Task prompt: Which lines of the entries below run from the one holding "Trapeze Bar - Main" to the one holding "CinemaTivu: Famiglia all'improvviso: Istruzioni", inclusive? Set down exactly those lines and no others.
(Data in this exercise begins)
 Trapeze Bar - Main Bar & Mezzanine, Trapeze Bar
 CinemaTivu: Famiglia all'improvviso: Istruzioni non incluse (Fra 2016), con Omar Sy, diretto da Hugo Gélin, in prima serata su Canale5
(Data in this exercise ends)
(Data in this exercise begins)
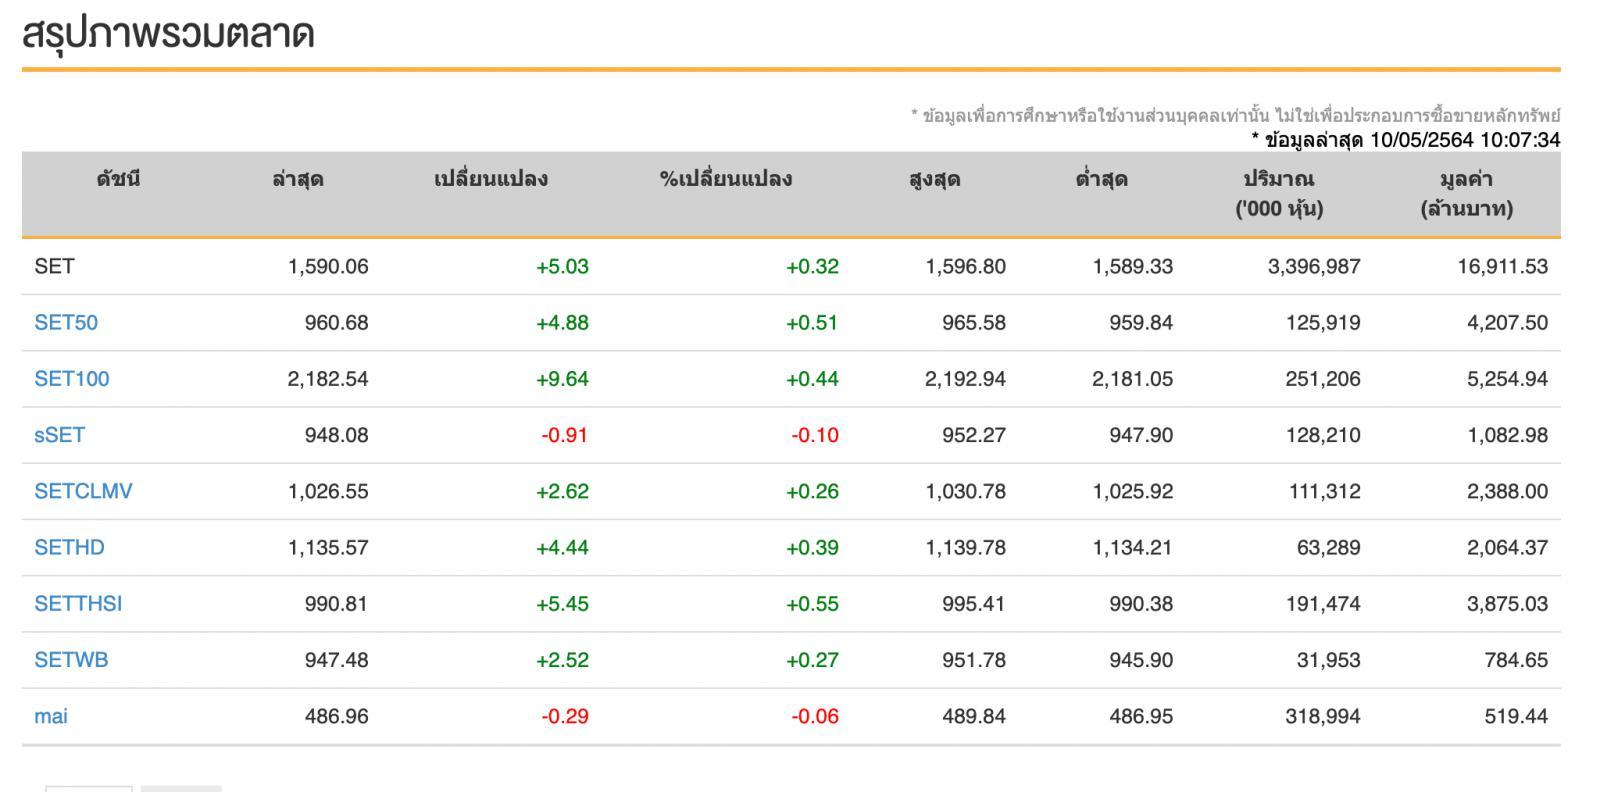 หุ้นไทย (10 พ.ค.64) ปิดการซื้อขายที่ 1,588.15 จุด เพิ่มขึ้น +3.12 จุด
(Data in this exercise ends)
Solution for this task:
 Trapeze Bar - Main Bar & Mezzanine, Trapeze Bar
 CinemaTivu: Famiglia all'improvviso: Istruzioni non incluse (Fra 2016), con Omar Sy, diretto da Hugo Gélin, in prima serata su Canale5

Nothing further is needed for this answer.